Prodrive: it's a fair cop

  • 25/10/2015
  • By Bruce Newton
  • Virgin Australia Supercars Championship

Prodrive says its 50 point team's championship penalty for an unsafe release of Mark Winterbottom during yesterday's opening 300km race at the Gold Coast 600 is a fair cop, but team principal Tim Edwards has delivered impassioned support for car controller Chris 'Tooly' O'Toole who has taken responsibility for the error.

Pepsi Max Crew is fighting to win Prodrive's first ever teams' championship and the penalty has reduced its advantage over the Holden Racing Team to 580 points, with perennial winners Red Bull Racing third a further 16 points behind.

The team's championship delivers not only prestige but pitlane position choice and a year-long strategy advantage. Up to 600 team's points per round are available and the Pepsi-Max squad must finish off the season without the points contribution of injured young star Chaz Mostert.

Russell Ingall is deputising for him this weekend with Cam Waters, while the development series leader is also in the car for the next two sprint events.

"We put our hand up, we made a mistake and it was an unsafe release and we have absolutely just got to cop that on the chin," said Edwards. "It's happened, it's real, we made a mistake we put our hand up you've got to accept the penalty.

"Without Chaz we have got a fight on our hands to win the championship."

O'Toole is a founder member of the team, first established as Ford Performance Racing in 2003. He also serves as the four car Prodrive squad's team manager.

He gained certain notoriety in 2013 when he gave the thumbs up to his crew while Whincup was completing a drive through penalty for spinning wheels in a pit stop during the Darwin V8 Supercars championship round. Whincup later labelled the gesture "disgraceful".

"He's [O'Toole] pretty devastated as you can imagine. He knows, it's one of those things, the circumstances all prevailed against him.

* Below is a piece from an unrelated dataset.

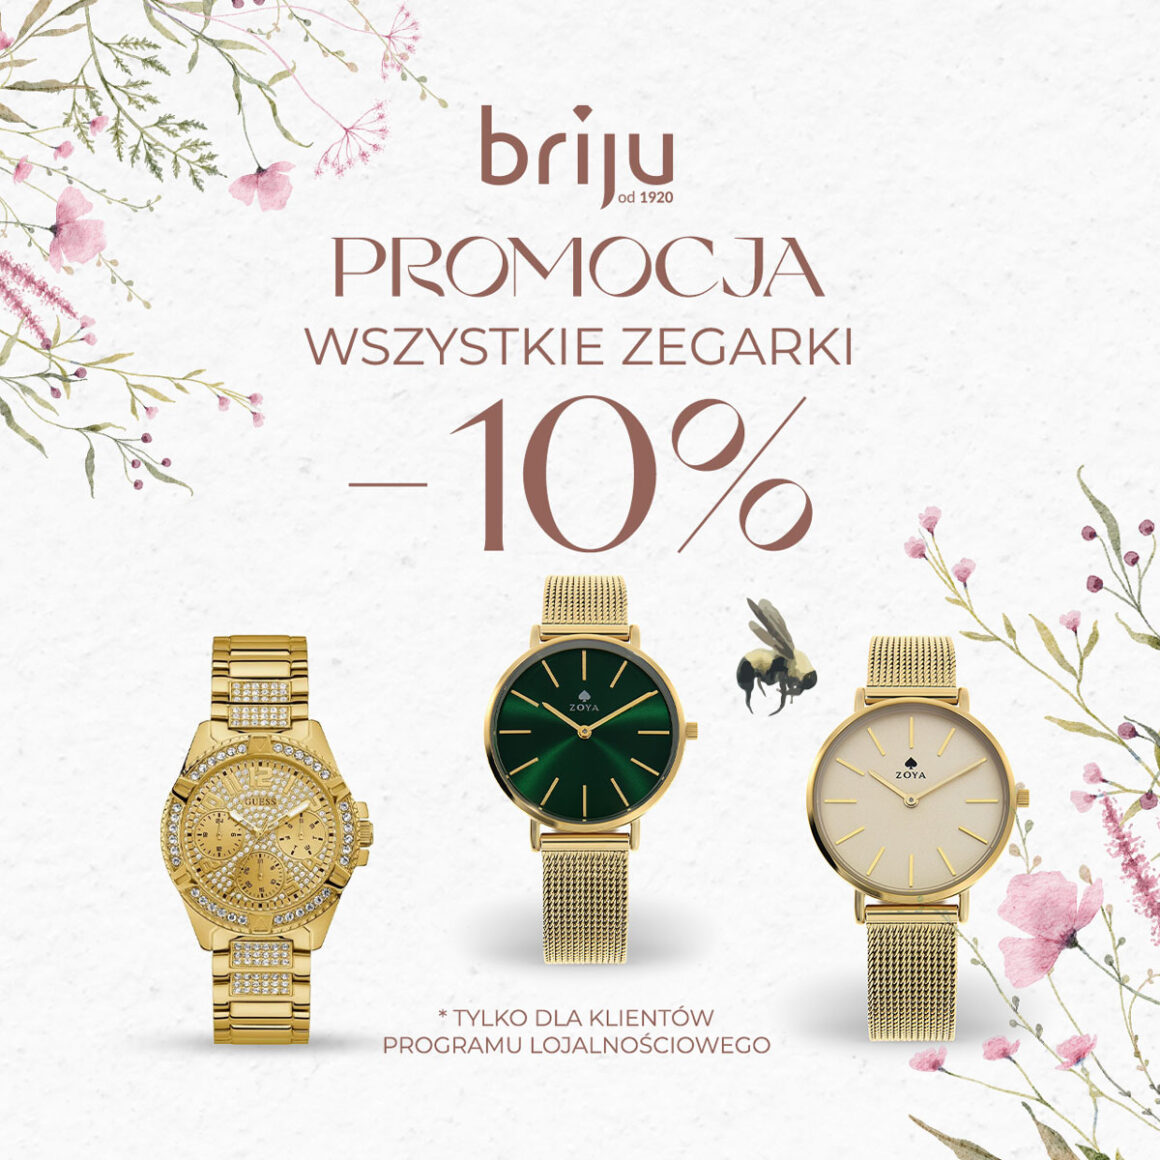 -10% na wszystkie zegarki w Briju!!

"Unfortunately he's the car controller so he knows he's in the firing line, but the reality is me slapping him around the head is not going to achieve anything. He knows he made a mistake and he'll do his utmost to make sure it doesn't happen.

"Every time it happens in the pitlane, you don't very often see drivers getting stuck into their car controllers because they know it's a pressure job. I've done it in Formula One and it's a horrible job.

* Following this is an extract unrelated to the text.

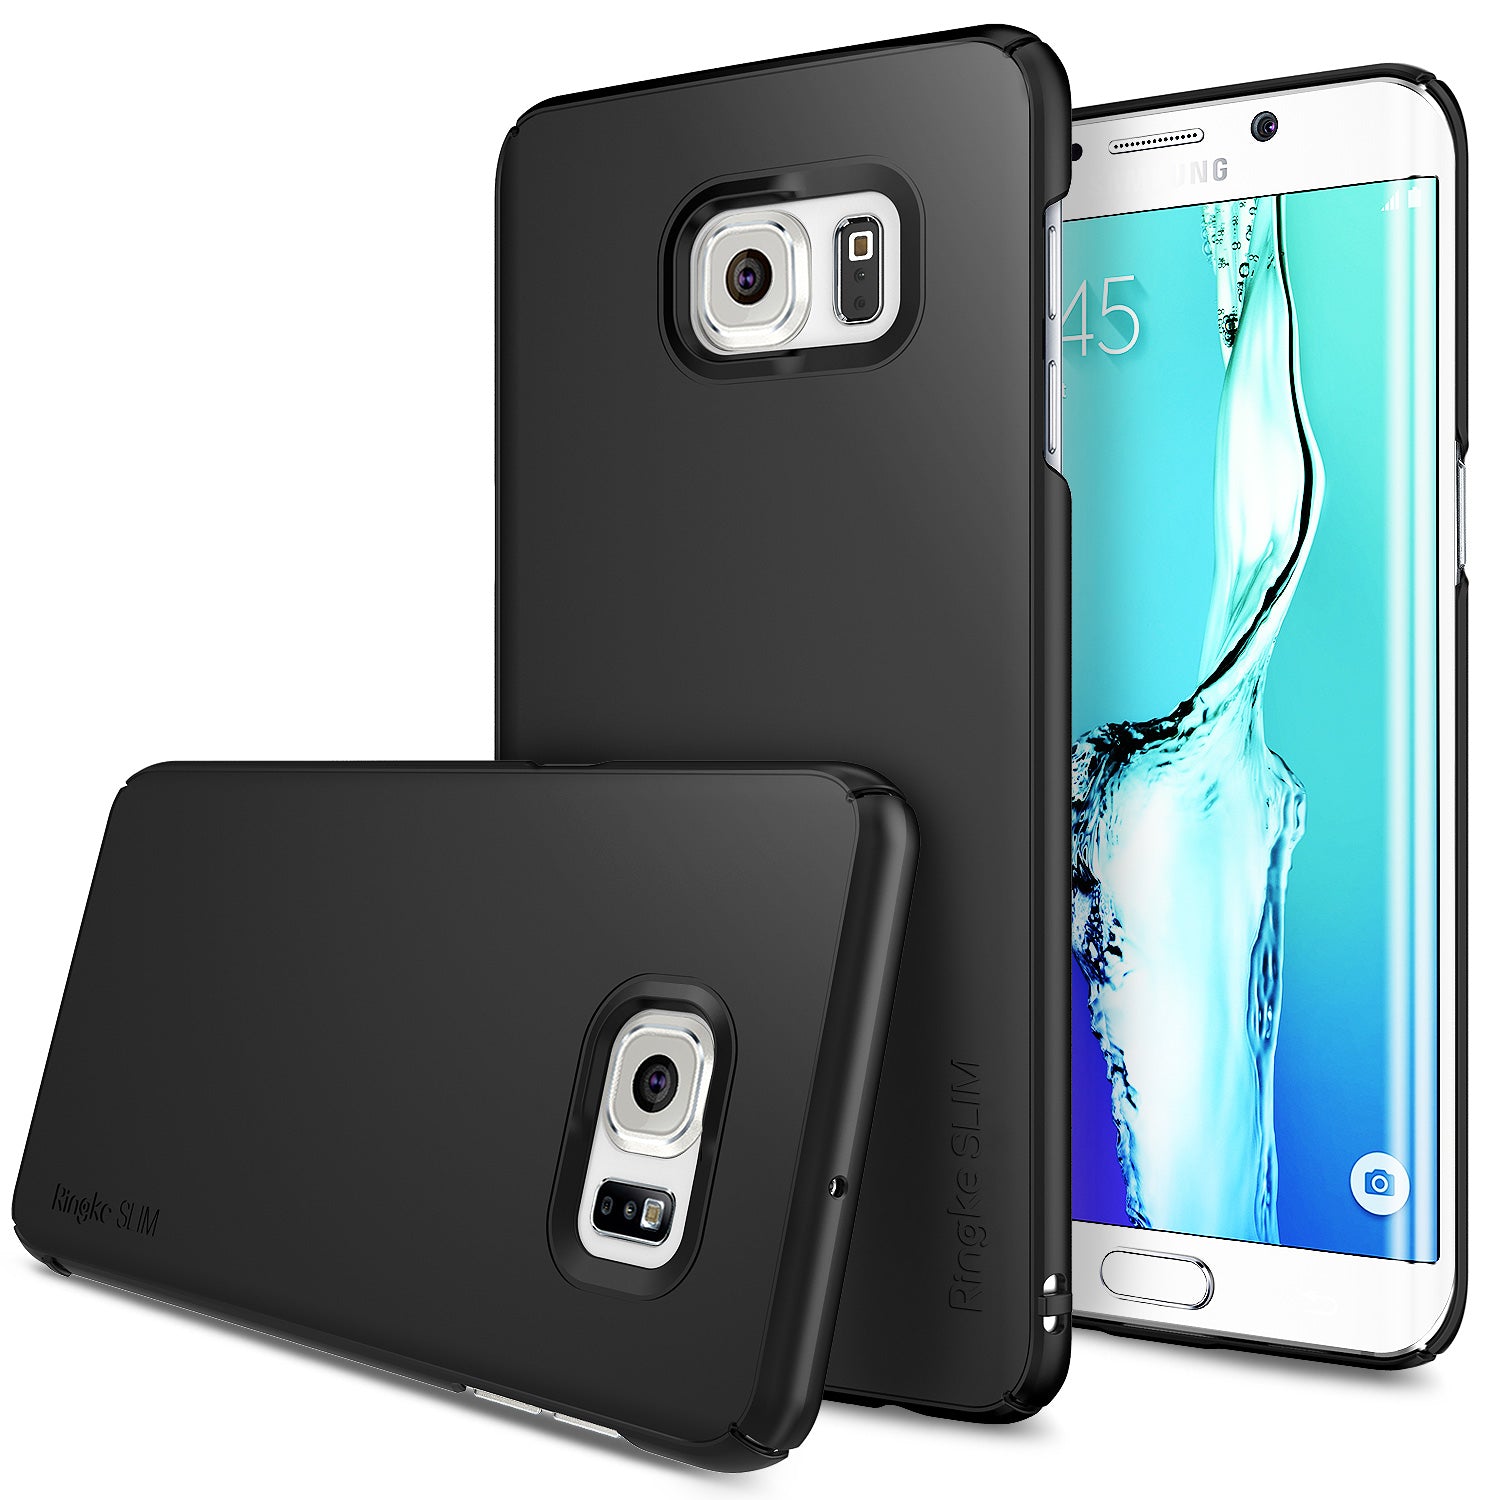 Thuisland zakdoek Van toepassing Galaxy S6 Edge Plus Case | Ringke Slim – Ringke Official Store

"You're trying to watch all the people around the car to make sure everyone's safe, watch the pit lane, it's not an easy task and it's a thankless task and for the 100 times you get it right, no one says well done, but one time you get it wrong everybody wants to get a shotgun out.

"He's taken it personally but there's no point taking him out the back and shooting him, there aren't a queue of people lining up to do it. It's a thankless task and that applies to the whole pitlane because it happens quite regularly up and down the pitlane.

Winterbottom's Falcon hit Garth Tander's HRT Commodore VF and then deflected left into a tyre next to Craig Lowndes' Commodore which was also pitting. While the incident caused some RBR crew to scatter quickly, no-one was injured.

HRT team principal Adrian Burgess said the penalty was appropriate.

"If the Stewards thought that's right it's for a good reason they gave them a 50-pointer as well (as a pitlane drive-through penalty).

"So you can't just let it go and put people at risk - the mechanics more than the drivers. The drivers are a little bit protected but the guys who nearly got flattened I'm sure they weren't happy with it."

"With such big points available each round, Burgess says the top three teams are all still in contention for the championship.

"There's a long way to go - we'd love to finish second, we'd love to finish first, but it's not over so you've got to keep punching on and getting the most out of every weekend you can. If we can catch them great, if we can stay in front of Triple Eight that'd be good as well."